Chemical synthesis is the process of creating complex chemical compounds from simpler precursors.Credit: Andrew Lambert Photography/SPL
Searching for blockbuster drugs and wonder materials is an arduous task for chemists. To make their promising compounds, they must trawl through millions of known chemical reactions, with hundreds of thousands more added annually, and then test whether it is possible to synthesize them.
Now, researchers have created an artificial-intelligence system that vastly simplifies and accelerates the process of chemical synthesis. The system, which is called MOSAIC and is described in a study published in Nature on 19 January1, recommended conditions that researchers were able to use to generate 35 compounds with the potential to become products like pharmaceuticals, agrochemicals or cosmetics without needing to do any further trawling or tweaking.
“The synthesis of small molecules is the slow step in drug discovery and a number of other important areas,” says study co-author Timothy Newhouse, a chemist at Yale University in New Haven, Connecticut.
MOSAIC could remove this bottleneck, adds Newhouse, so could lead to more and better products.

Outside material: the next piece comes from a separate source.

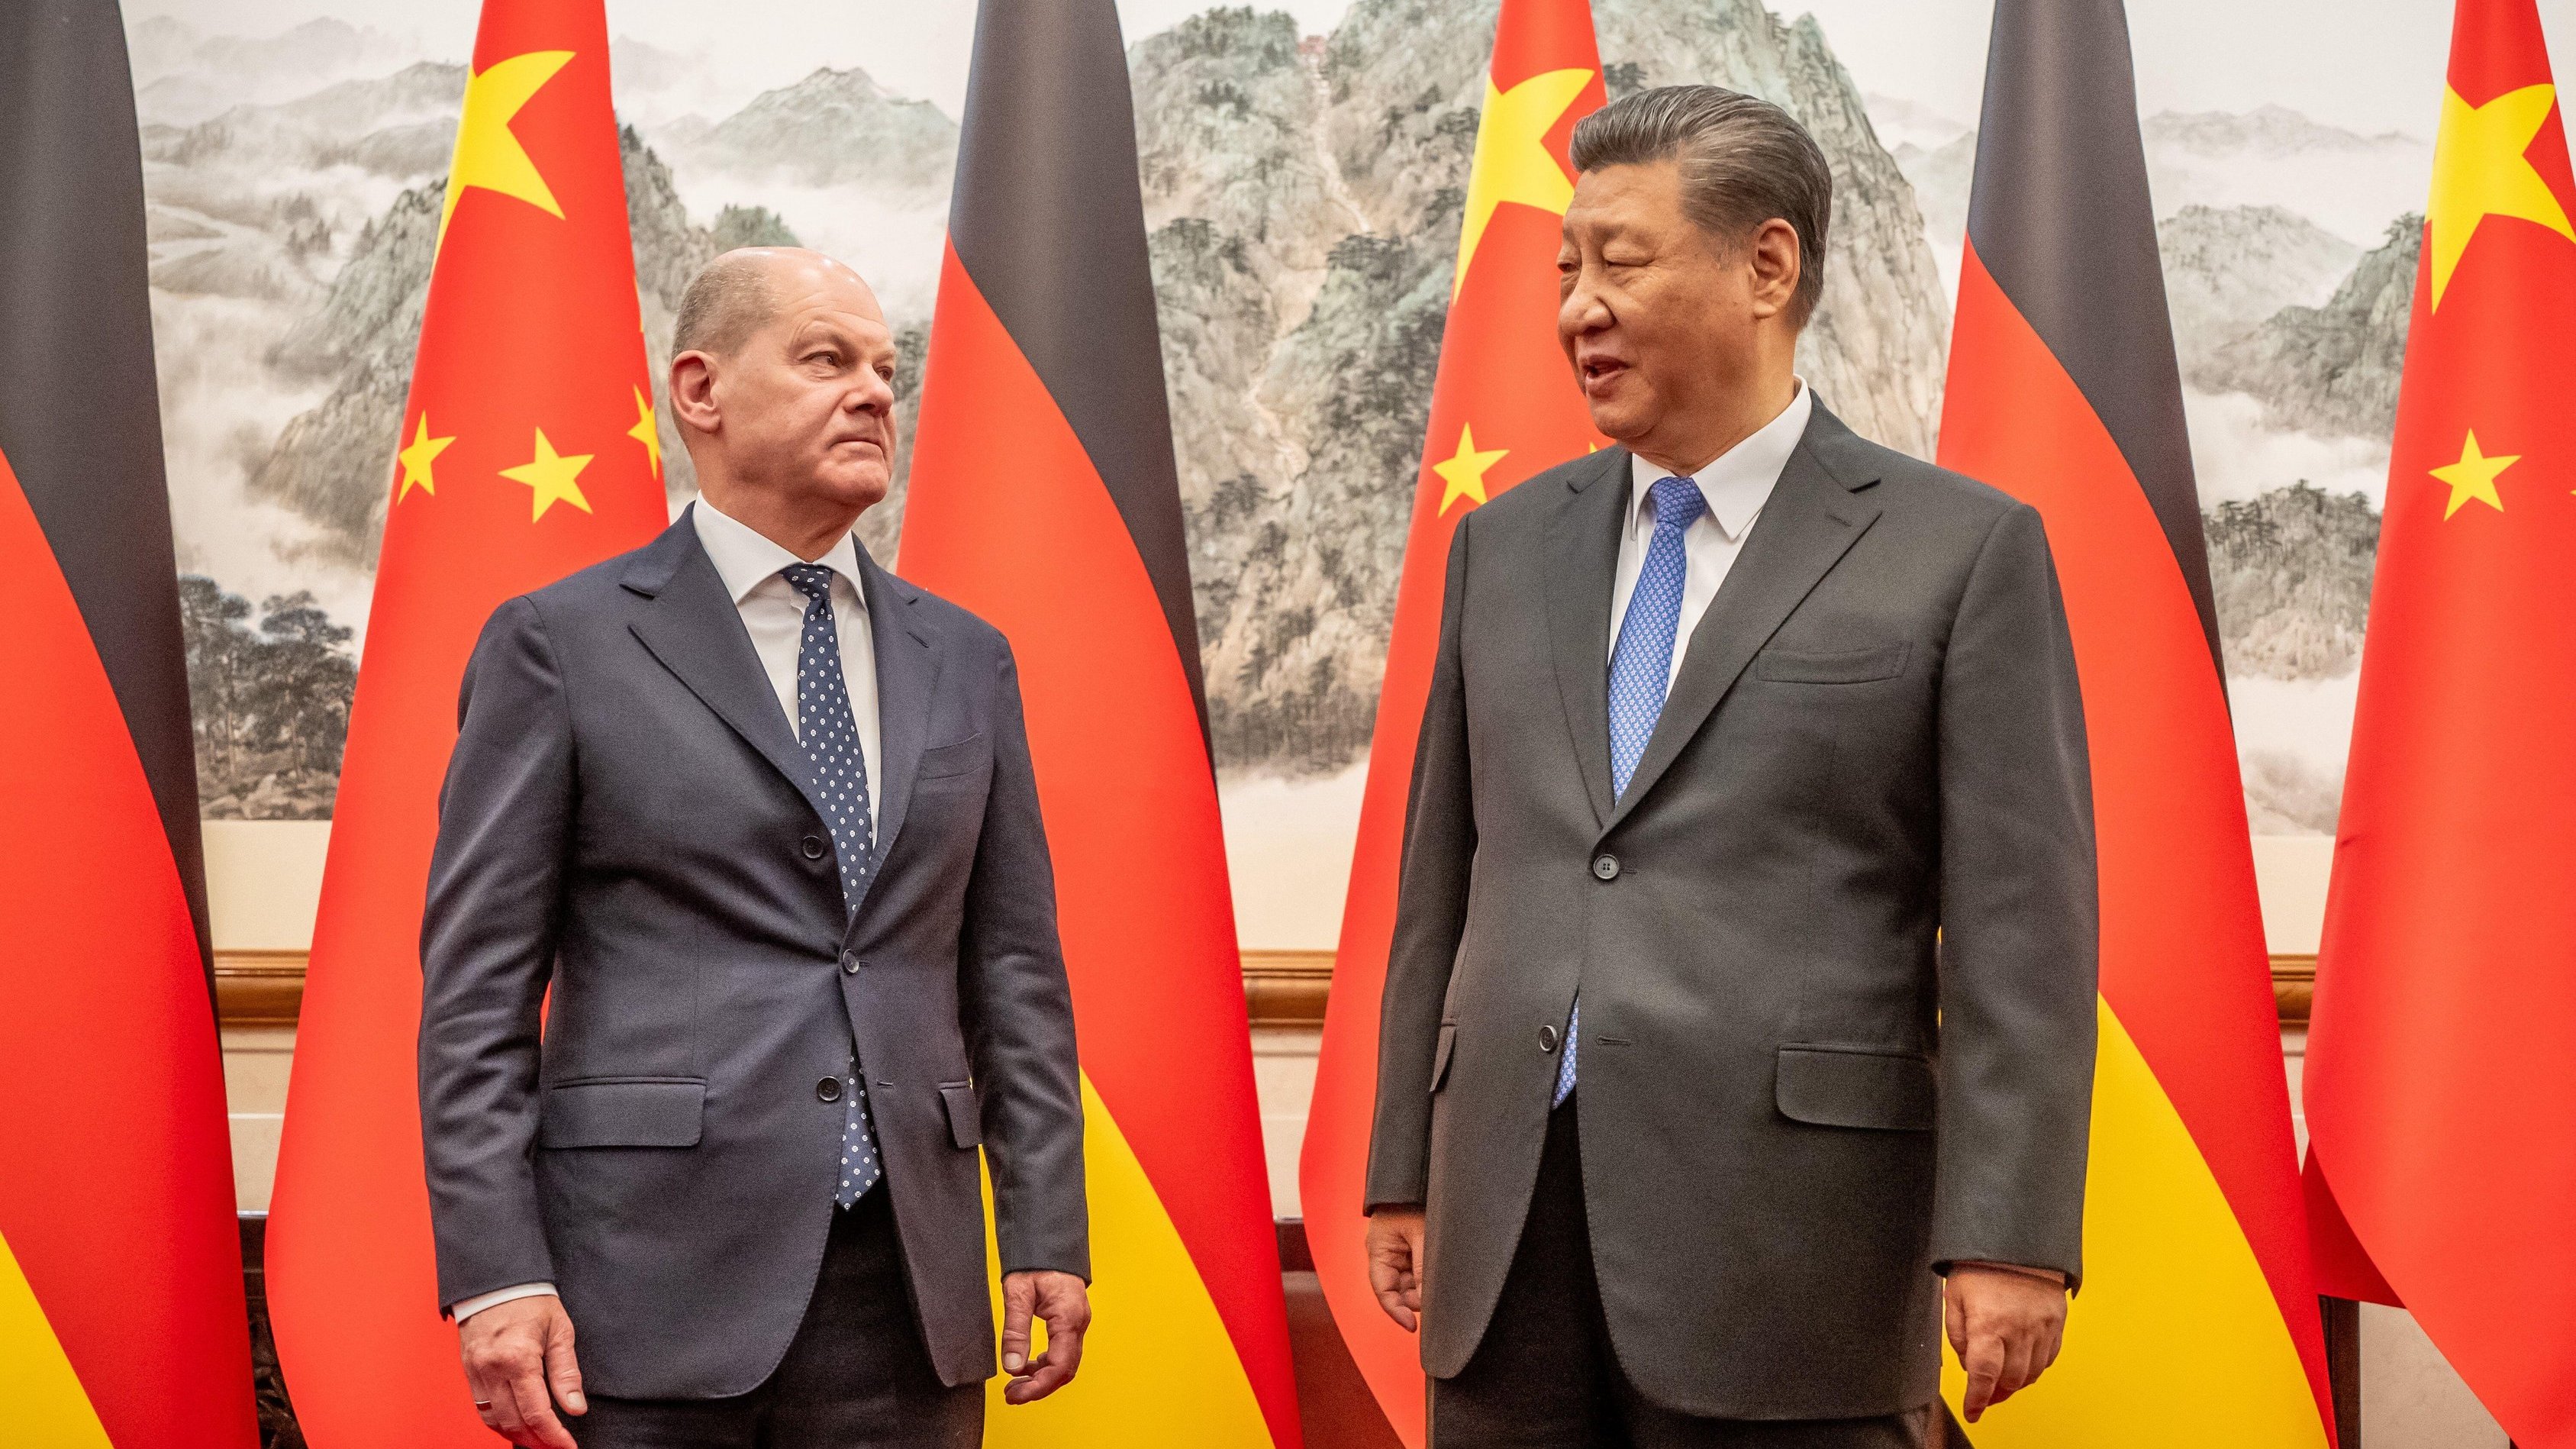 Olaf Scholz is received by President Xi Jinping during his trip China last week

It is “capable of drafting complete laboratory instructions — detailed enough for chemists to follow — to help create molecules that have not previously existed”.
AI-assisted chemistry
Predicting the conditions of chemical reactions has been a key focus of AI use in chemistry. One of the most prominent tools is IBM’s RXN for Chemistry, which is based on a large language model (LLM).
It uses a system called simplified molecular-input line-entry system (SMILES). This translates chemical 3D structures into letters, numbers and punctuation, which are better suited to a system that recognizes language. By contrast, LLMs such as ChemCrow are trained for chemistry tasks using natural-language data2.
AI chatbot shows surprising talent for predicting chemical properties and reactions
The SMILES approach makes it easier to process chemical information such as starting materials and solvents. “Our goal was to build a general model that could read chemistry the way chemists write it [by] listening to the language of experimental procedures and quickly turning that collective voice into a practical suggestion,” says Newhouse. Newhouse adds that integrating the step-by-step instructions that MOSAIC produces into automated systems would be a “natural next step”.
The researchers used an AI system they had developed previously3 to cluster a database of around one million reactions extracted from patents into 2,285 subsets. Using the subsets, the team trained Meta’s partially open-source Llama LLM to create 2,498 separate expert models, each specialized in one combination of chemical transformation starting from one type of molecule. This approach can run on computers locally because it uses fewer parameters than do the major LLMs.
Martin Seifrid, a materials scientist at North Carolina State University in Raleigh, says that MOSAIC is notable in that it avoids “throwing the largest possible model at a problem, instead choosing to focus on a carefully designed system of much smaller ‘expert’ models”. “Each specialized model is more accurate within its domain,” Seifrid says.